Extensive experimentation rendered several key empirical findings:

  • Baseline Limitation Clarity: Simulated and real-world benchmarks revealed that state-of-the-art imitation learning algorithms—both ACT and several variants of Diffusion Policy—experience substantial success rate declines as instruction ambiguity or multi-modality increases. Merely scaling the number of demonstrations proved insufficient to overcome this barrier.
  • Attention Map Validity: The VLM-generated 3D attention maps showed robust alignment with both explicit and ambiguous task instructions across diverse tasks. Quantitative evaluation in benchmarks showed >95% success in matching ground-truth task-relevant regions.
  • Policy Conditioning Robustness: Training diffusion policies on attention-conditioned state representations enabled high success rates (>90%) even in highly ambiguous or unseen scenarios, both in simulation and the real world. The inclusion of 3D (as opposed to 2D) attention and a residual connection in PointNet++ further improved performance.
  • System-wide Impact: Pipeline experiments, incorporating language input to action output, demonstrated a substantial performance margin over language-conditioned end-to-end baselines (e.g., 86.5% vs. 5.5% in ambiguous simulation tasks). The use of VLM-generated code as an explicit intermediate was critical for this advancement.
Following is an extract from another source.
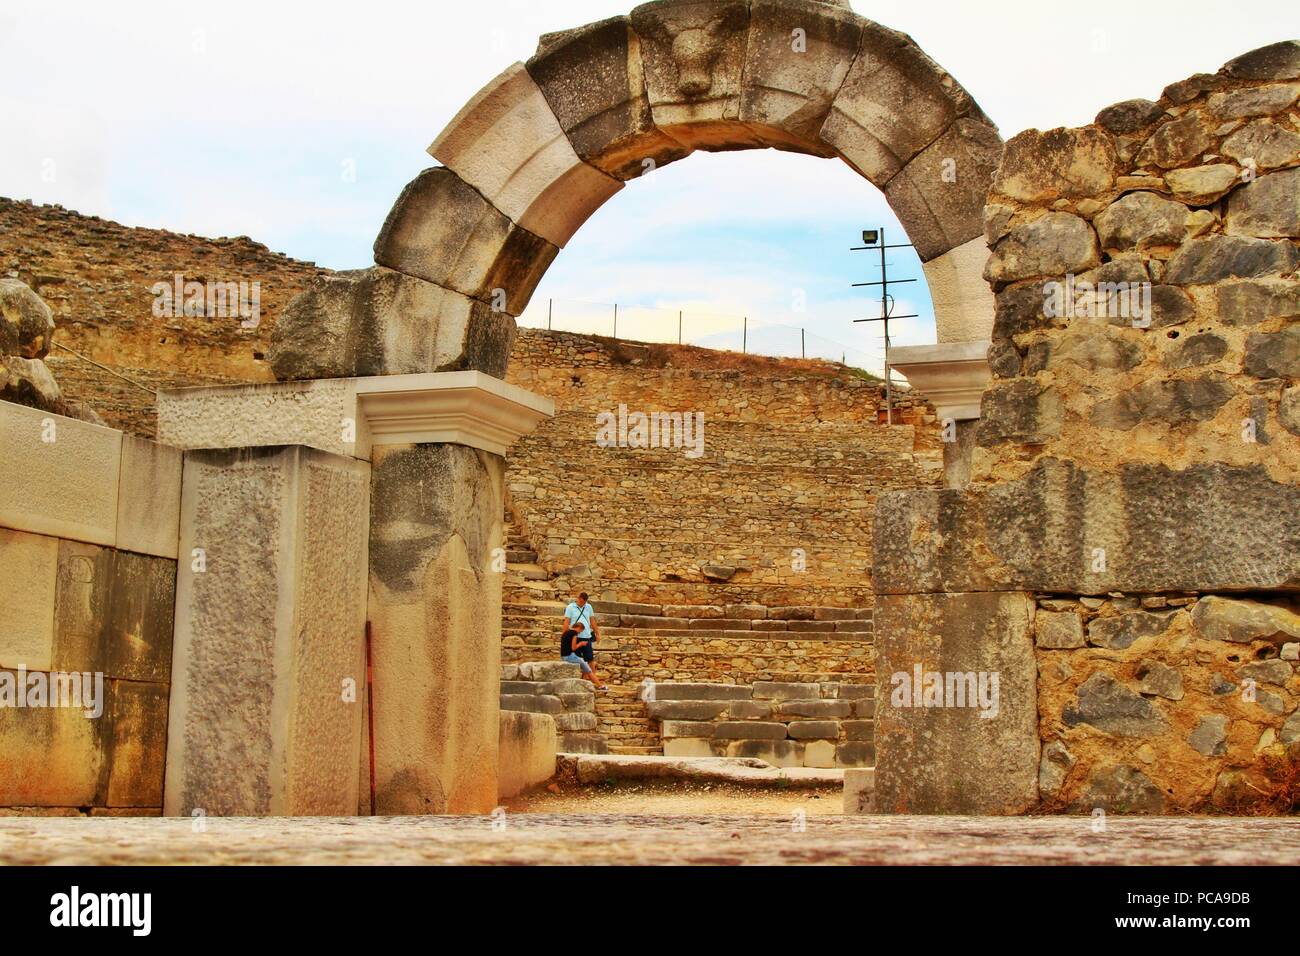 Archi, colonne ed elementi architettonici sul sito archeologico dell'antica città greca di Filippi Foto Stock

A detailed failure mode analysis indicated that remaining shortcomings are predominantly concentrated in the execution phase rather than in code generation or perception, supporting the stability and reliability of the modular API/code approach.

Implications

Practical and Theoretical

On the practical front, CodeDiffuser enables language-directed robotic systems to robustly handle ambiguity without scaling demonstration data or requiring laborious manual engineering for multimodal decision branches. The API-based intermediate provides fine-grained interpretability and extensibility: developers can readily augment, debug, or audit the VLM-generated actionable logic or customize perception APIs for additional domains.

Theoretically, the work supports a modularist position in robot policy design: explicit task semantics, when mapped by VLM-generated code to structured spatial attention, yield more data-efficient and resilient control under task ambiguity compared to monolithic end-to-end models. The delineation of high-level semantic parsing and low-level control provides a template for future architectures addressing multi-modal or under-specified input domains.

Future Directions

Key avenues for development include:

  • Upgrading to More Capable VLMs/VFMs: System performance is currently upper-bounded by foundation model capabilities; as VLMs and VFMs advance, so too will both the reliability and complexity of instruction-following achievable with minimal engineering.
  • Expanding Beyond Object-level APIs: Current APIs struggle to generalize to manipulation of deformable or amorphous regions; developing perception APIs for such contexts is essential for broader deployment.
  • Reducing Annotation Overhead: Manual annotation of object reference features remains a chokepoint for large-scale deployment. Automating or crowdsourcing this process could enable wider applicability across domains or task families.

Conclusion

CodeDiffuser marks a significant advance in modular, VLM-driven robotic instruction following. Its grounding in interpretable, executable intermediate representations enables robust handling of instruction ambiguity—a property not achieved by prior end-to-end language-conditioned policies. While dependence on foundation model maturity and annotation requirements remain open challenges, the architecture lays groundwork for scalable, transparent, and flexible language-driven robotics, suggesting fertile ground for future research at the intersection of code generation, visual grounding, and multimodal embodied policy learning.